● REQUIRED WORK
Go to the line with "NHS Health Scotland" in the entries below and write out every line from there through the line with "טורקיז green שמלת", exactly and without pictures.

● SUPPLIED INFORMATION

■ ■ ■ ■ ■

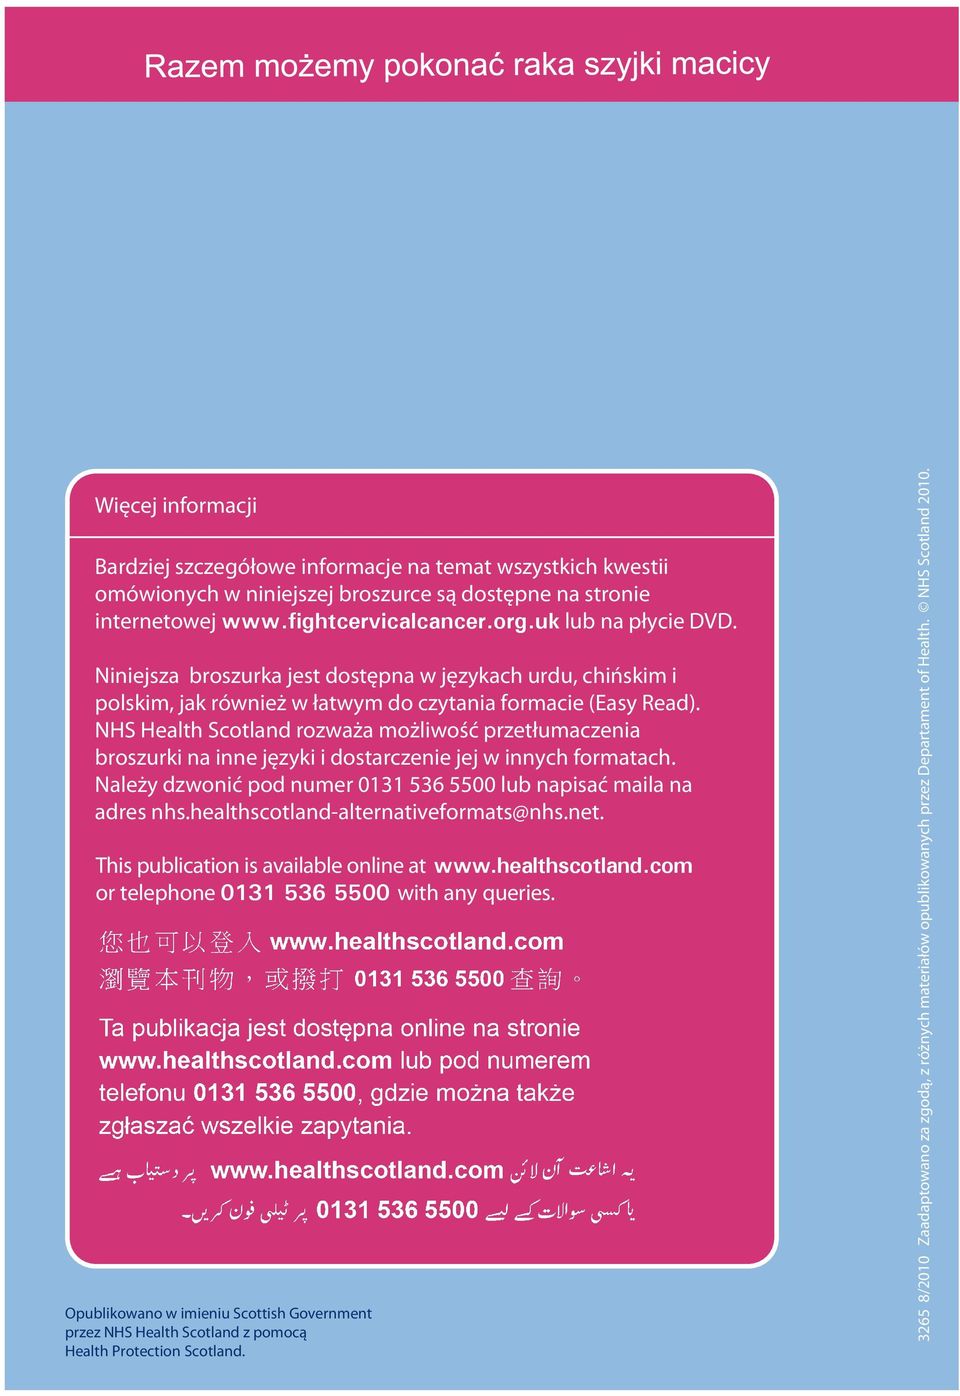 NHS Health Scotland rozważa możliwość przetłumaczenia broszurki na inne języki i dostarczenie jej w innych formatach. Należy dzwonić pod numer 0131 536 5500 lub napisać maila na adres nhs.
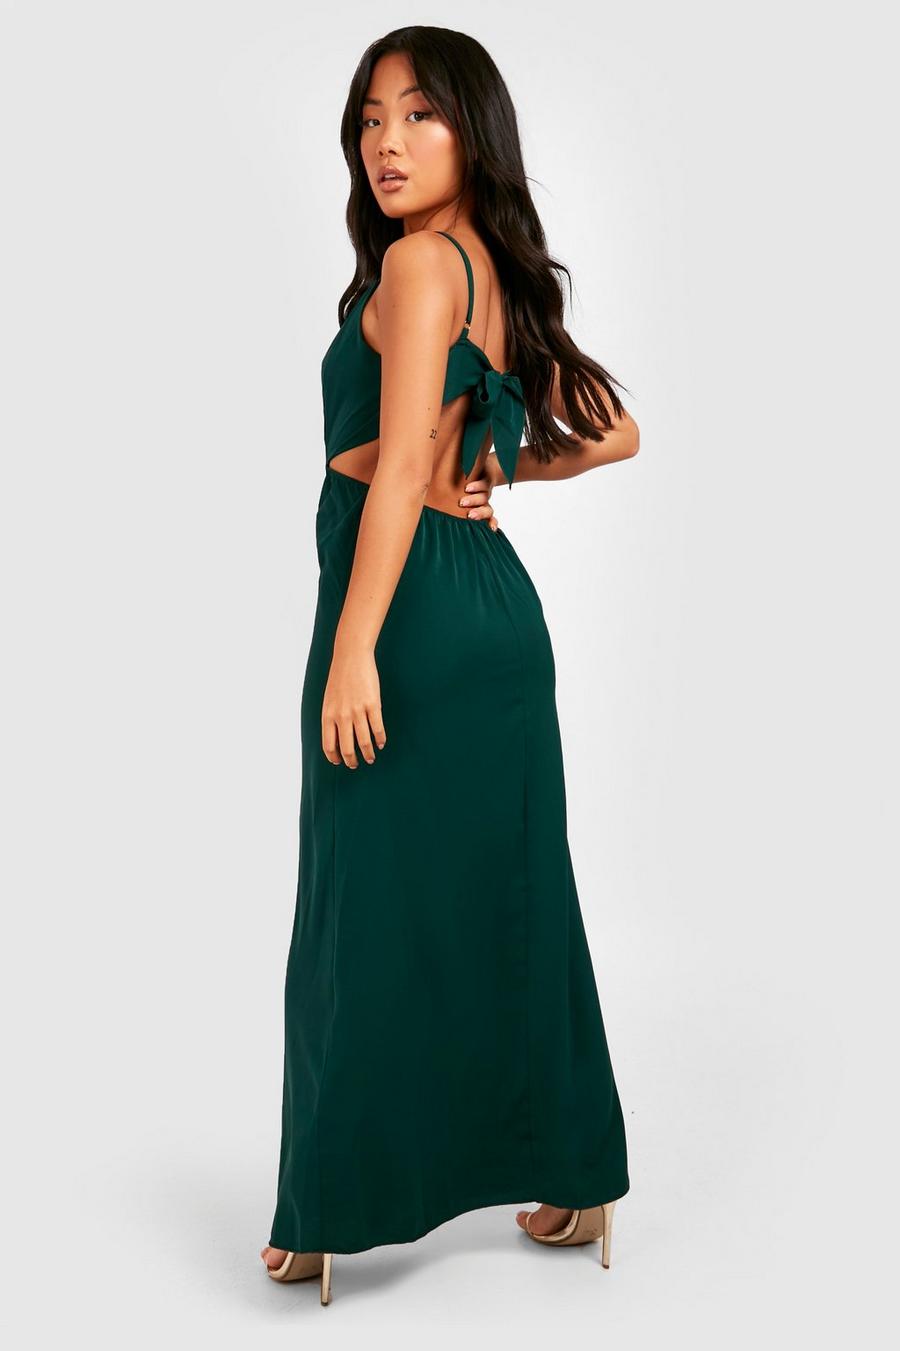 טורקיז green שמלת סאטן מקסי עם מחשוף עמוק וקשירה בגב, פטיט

■ ■ ■ ■ ■

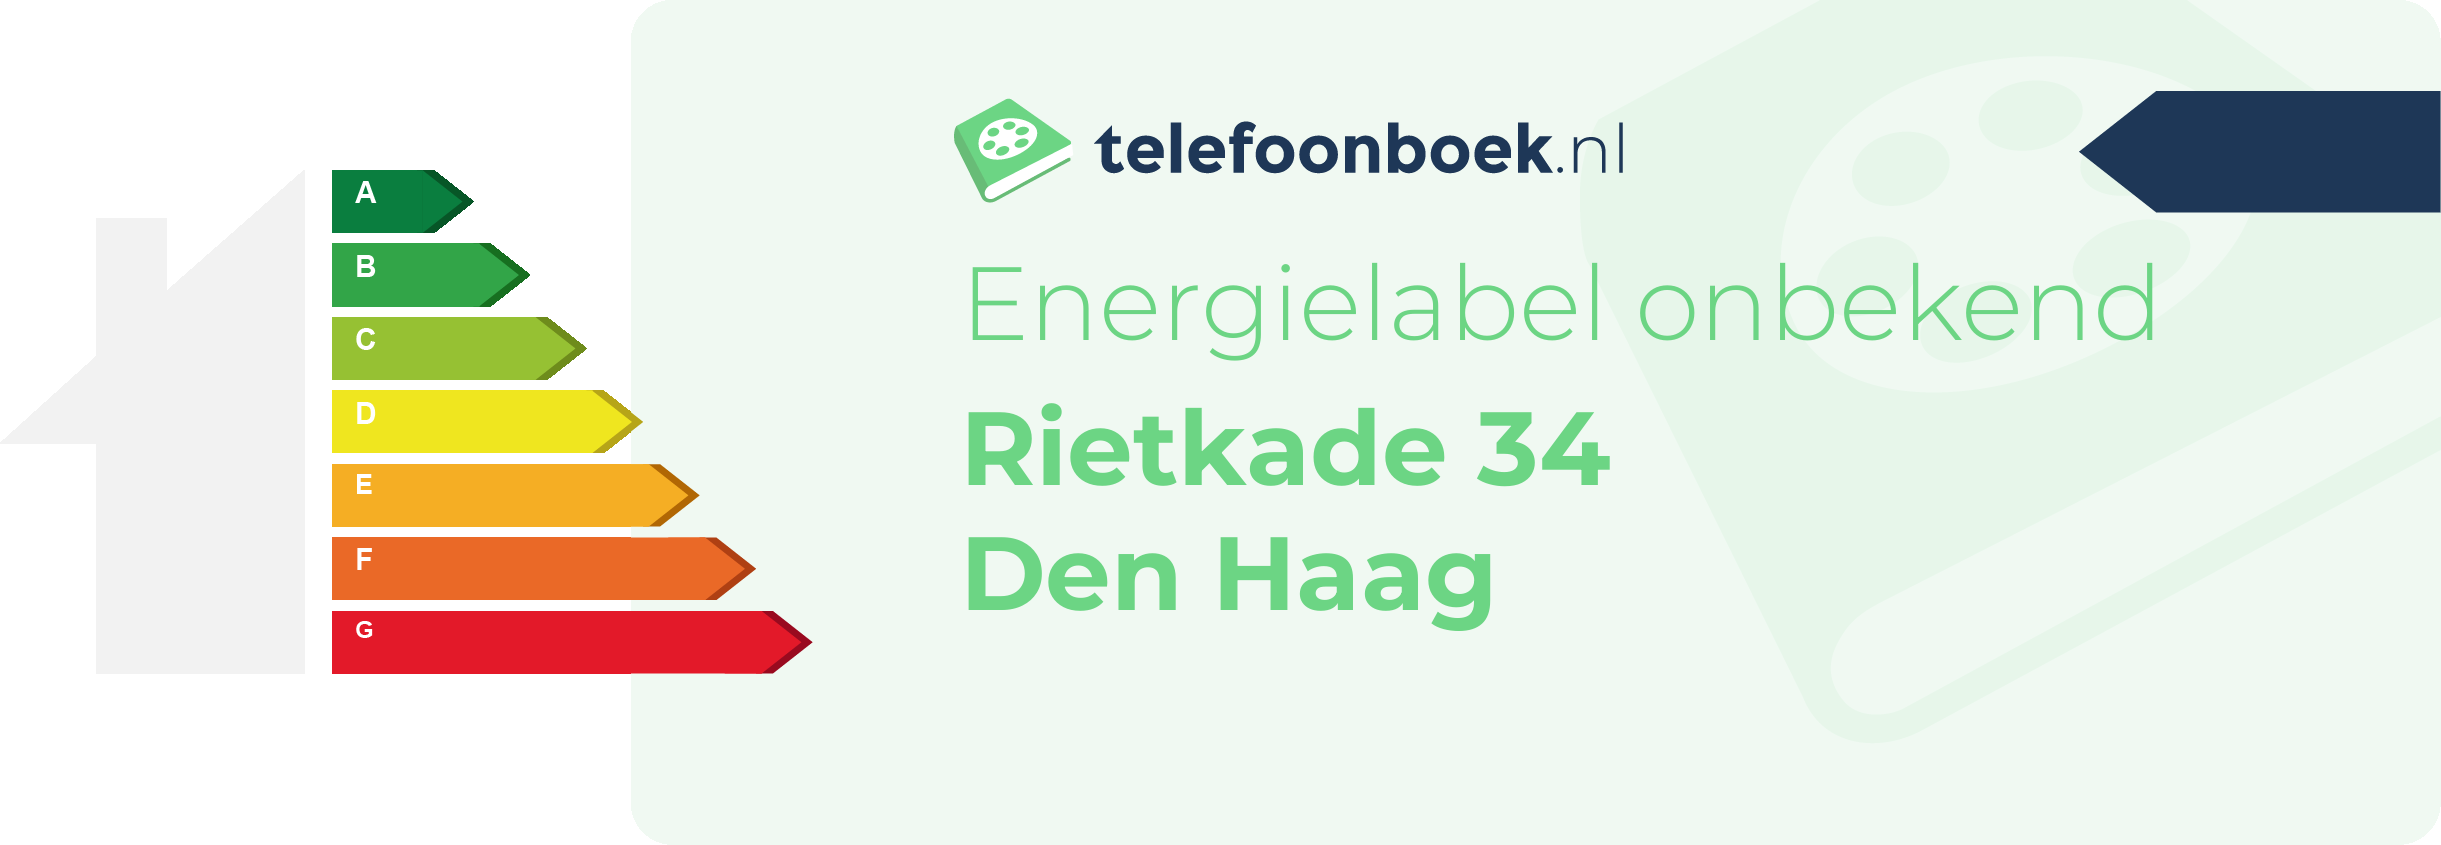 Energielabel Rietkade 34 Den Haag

■ ■ ■ ■ ■

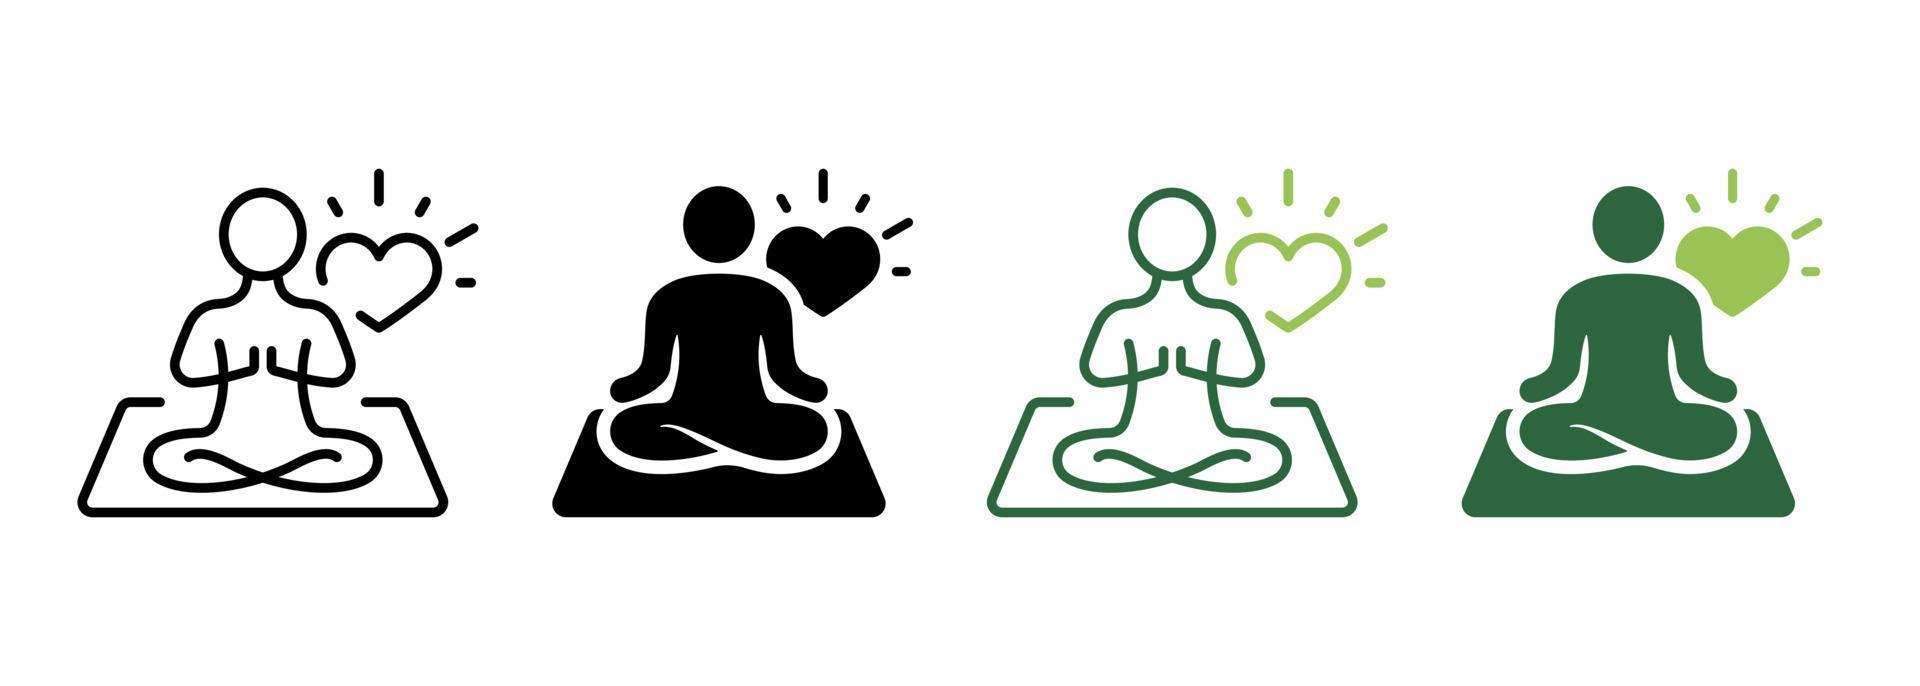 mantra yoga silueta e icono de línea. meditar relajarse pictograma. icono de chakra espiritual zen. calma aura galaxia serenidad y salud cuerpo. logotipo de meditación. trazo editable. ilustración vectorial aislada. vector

■ ■ ■ ■ ■

● EXERCISE ANSWER
 NHS Health Scotland rozważa możliwość przetłumaczenia broszurki na inne języki i dostarczenie jej w innych formatach. Należy dzwonić pod numer 0131 536 5500 lub napisać maila na adres nhs.
 טורקיז green שמלת סאטן מקסי עם מחשוף עמוק וקשירה בגב, פטיט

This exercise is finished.